The Sino-Japanese War of 1894–1895: Perceptions, Power, and Primacy
- Author: S. C. M. Paine
- Language: English
- Genre: Military history
- Published: 2003
- Publisher: Cambridge University Press
- Publication place: United States
- Pages: 412

= The Sino-Japanese War of 1894–1895: Perceptions, Power, and Primacy =

2003 non-fiction book by S. C. M. Paine

The Sino-Japanese War of 1894–1895: Perceptions, Power, and Primacy is a 2003 non-fiction book by S. C. M. Paine about the first Sino-Japanese War.

== Background ==
The Sino-Japanese War of 1894–1895 is a follow-up to Paine's previous work, Imperial Rivals: China, Russia and Their Disputed Frontier. The book makes use of contemporary newspapers alongside Chinese and Japanese secondary sources; Paine learned Japanese so that she could analyse these works.

== Content ==
The book analyses the events leading up to, the causes of, and the resulting outcome of the first Sino-Japanese war. Paine argues that the war ended the previous balance of power in East Asia, leading to the decline of the Confucian Qing dynasty, and that it had a lasting impact on Western perceptions of East Asia.

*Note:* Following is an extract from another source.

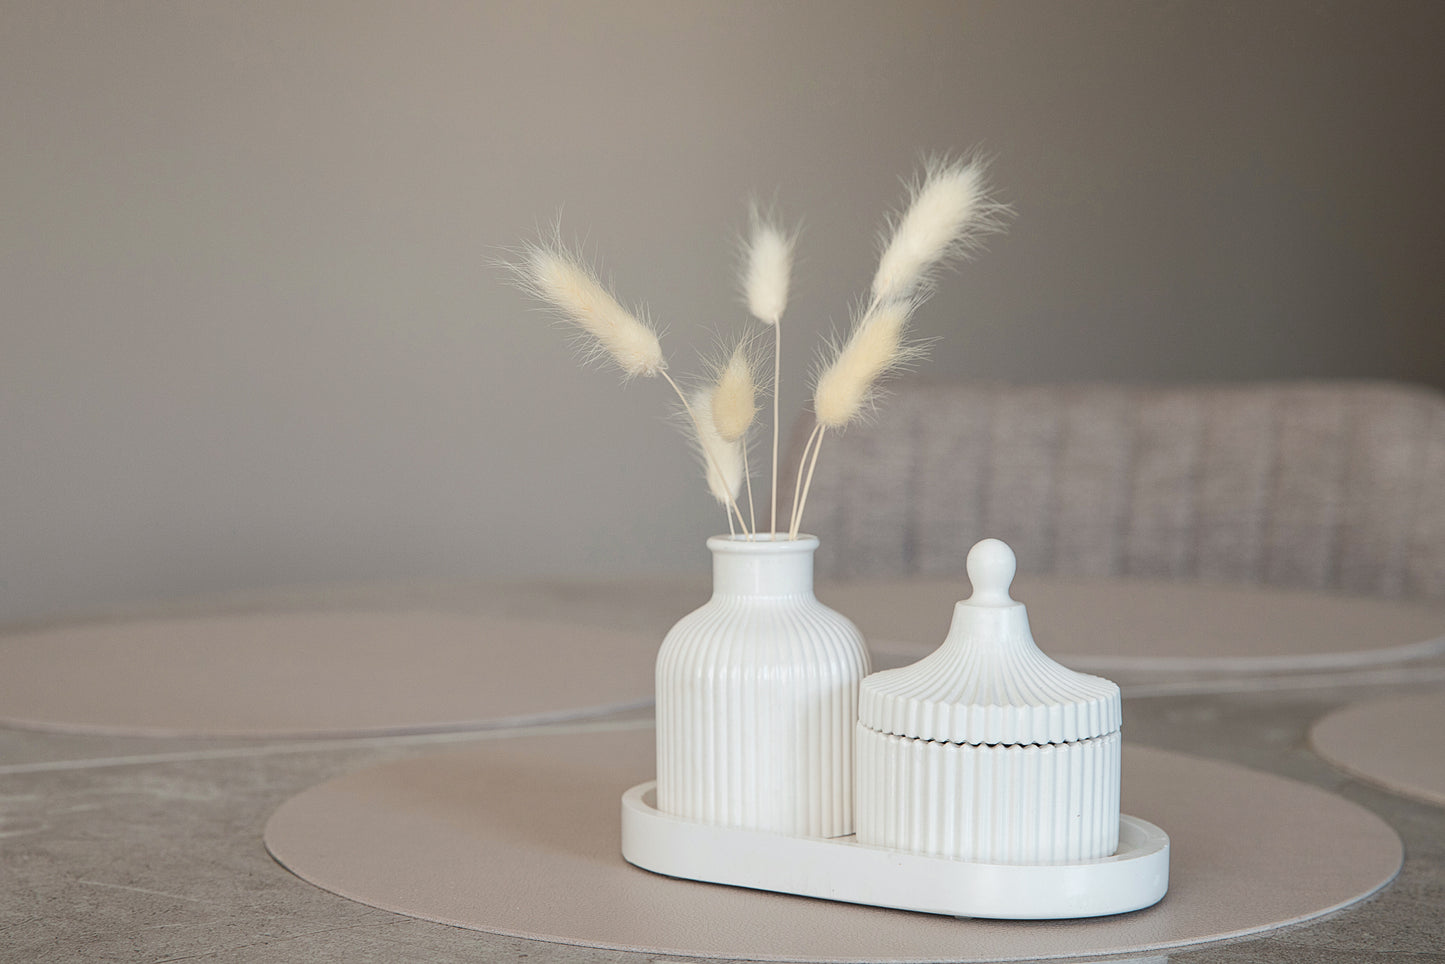 Modern Gypsum Vase for Dry Flowers - Perfect Housewarming Gift - Size: 7cm x 7cm x 9cm
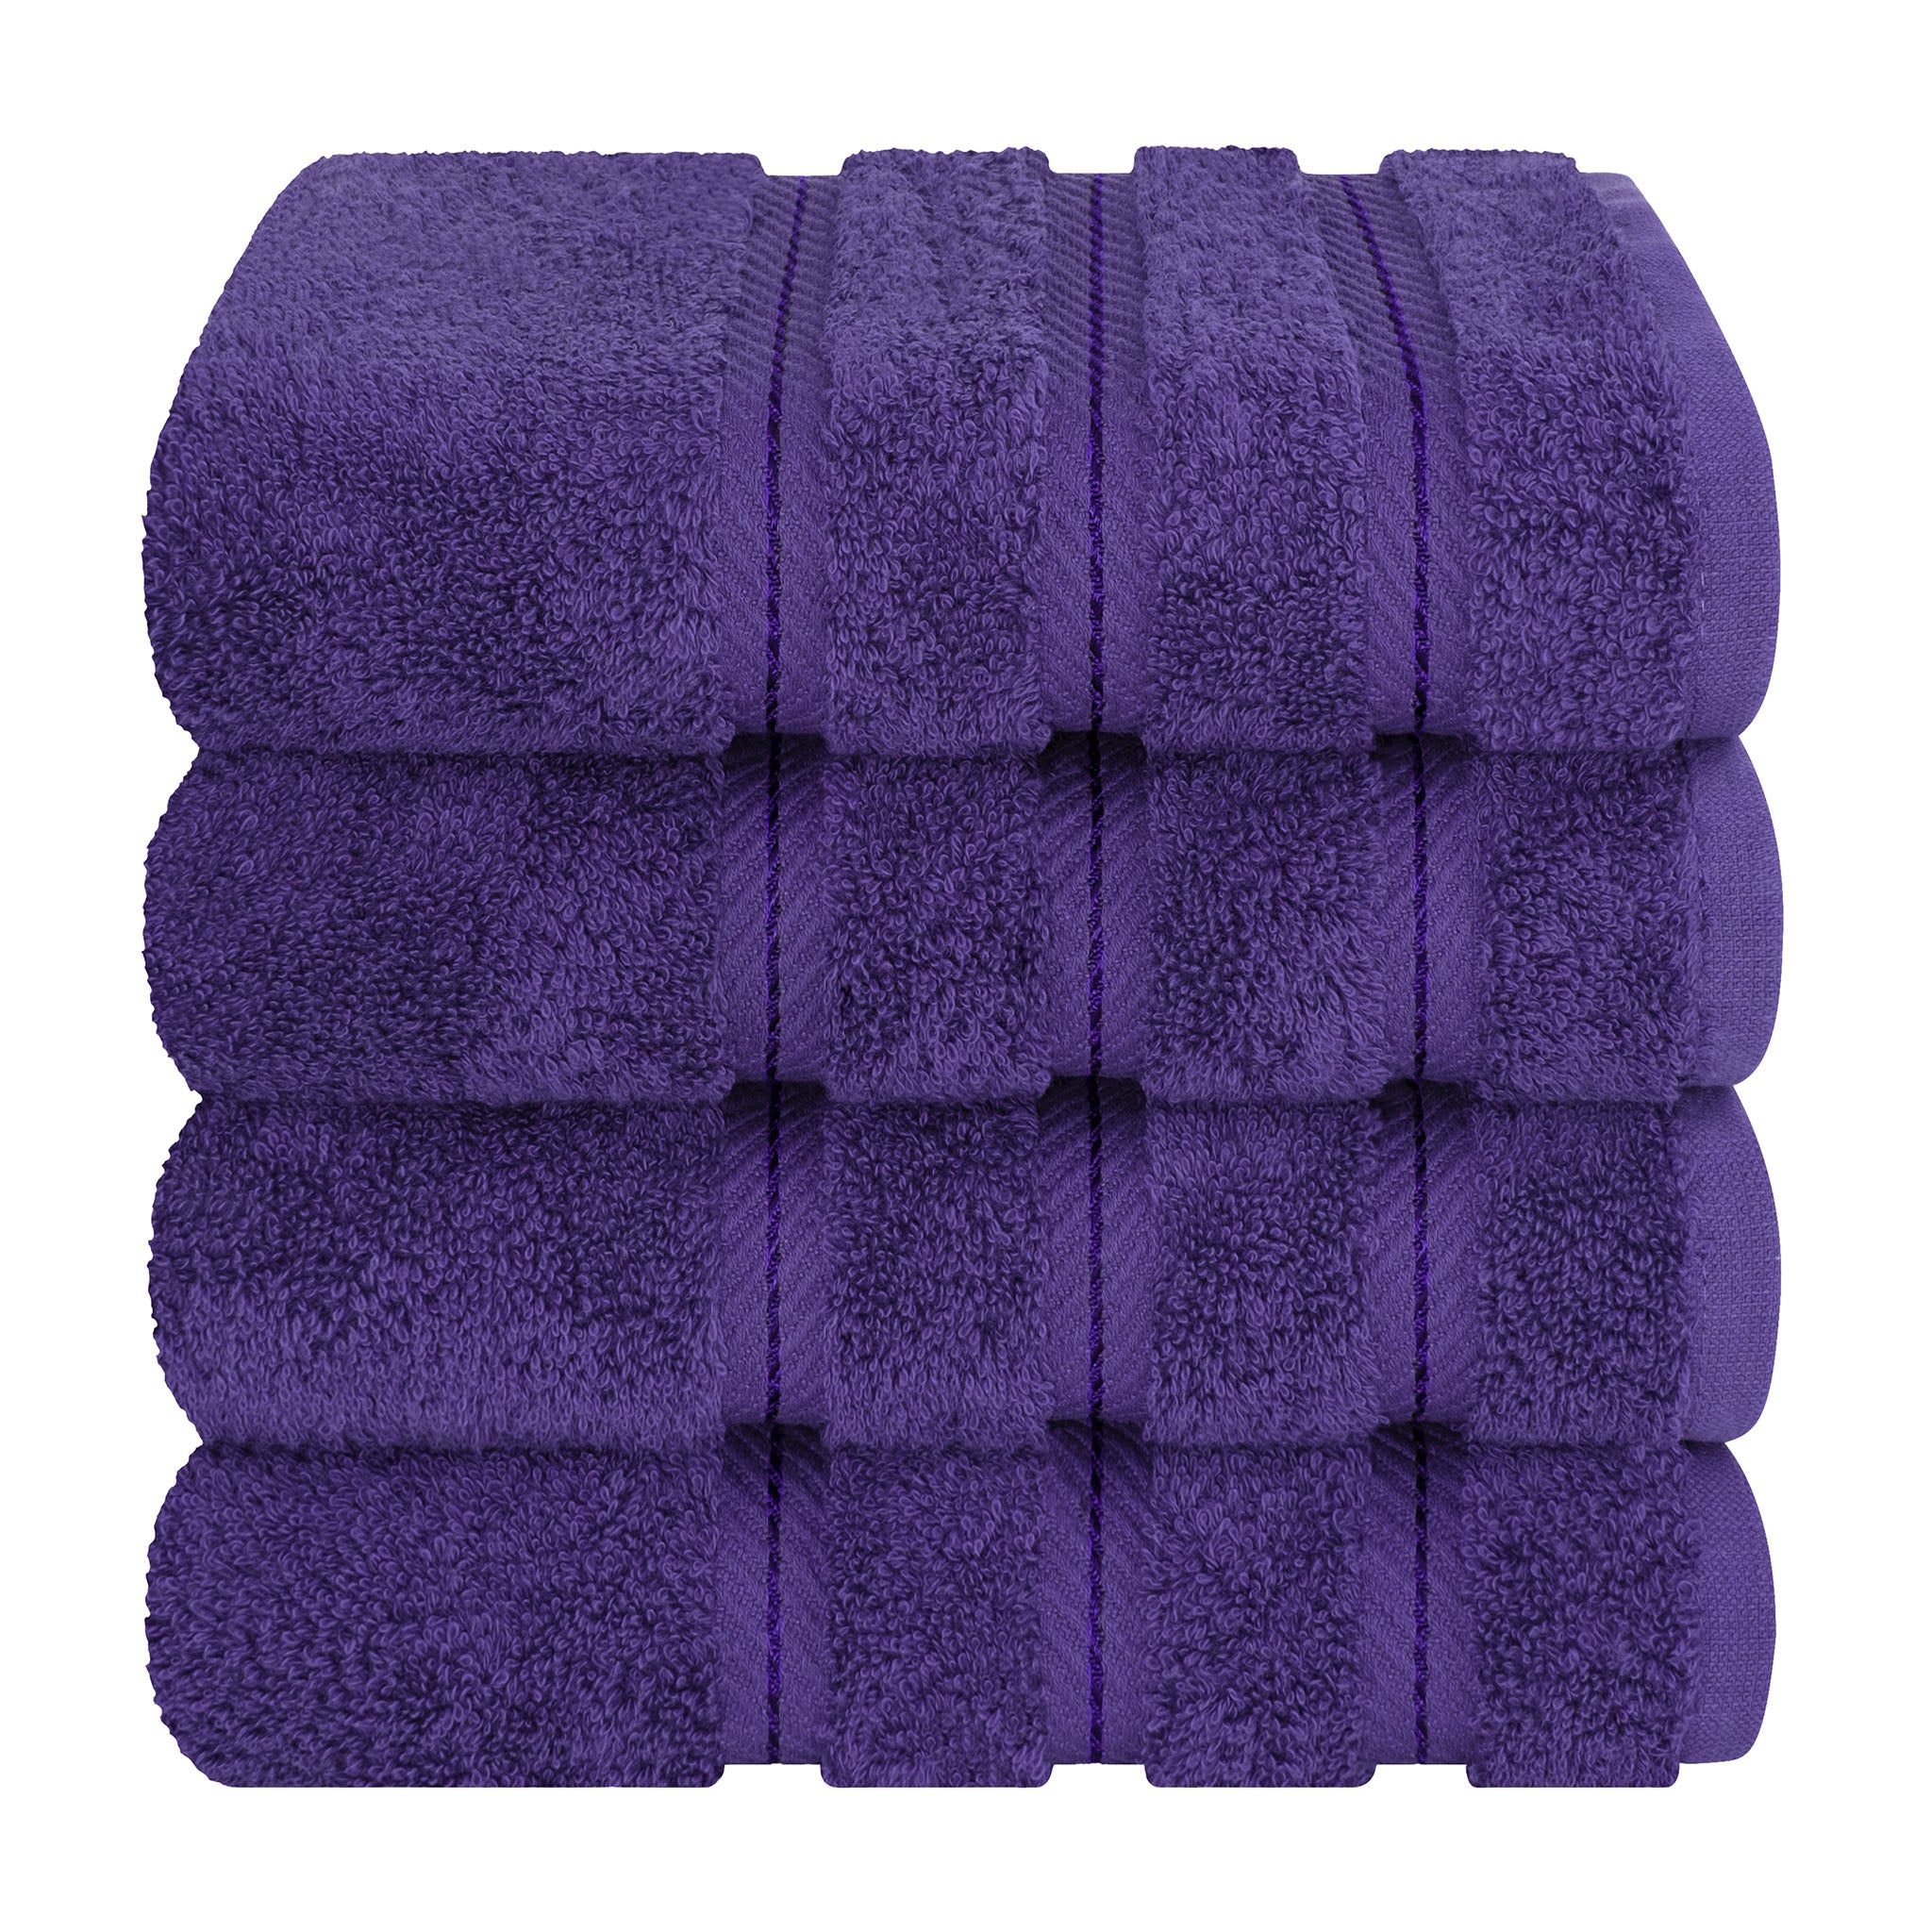  American Soft Linen 100% Turkish Cotton 4 Pack Hand Towel Set  purple-7

The book consists of three sections, and an epilogue. The first section discusses the events leading up to the war, the second section looks at the war from a military perspective, and the third section examines the post-war negotiations and settlements.

== Reception ==
The China Review International described Paine's arguments as "well-constructed, researched and argued", and recommended the book for "anyone with an interest in the events and region in which the Sino-Japanese war took place and especially for those with a professional interest in the topic." However, they noted that the book claims that the Guangxu Emperor died the day after Empress Dowager Cixi, which they suggested was inaccurate, as it is contrary to most accounts, who say that the emperor died one day before Cixi.

The International History Review called The Sino-Japanese War of 1894–1895 "an important book that delights and informs", giving particular praise to the book for bringing attention to the Chinese concept of face (guanxi), something which previous authors had neglected, and went on to suggest that Paine "ends the shortage of books on this pivotal war". This was seconded by The Journal of Military History who praised Paine's "multi-faceted approach to true international history", saying that she had exhausted all of the English-language sources on the subject, and that "In responding to Marius B. Jansen's call for a thorough historical treatment of one of the yawning gaps in East Asian history, Paine's history of the Sino-Japanese War of 1894–95 succeeds admirably."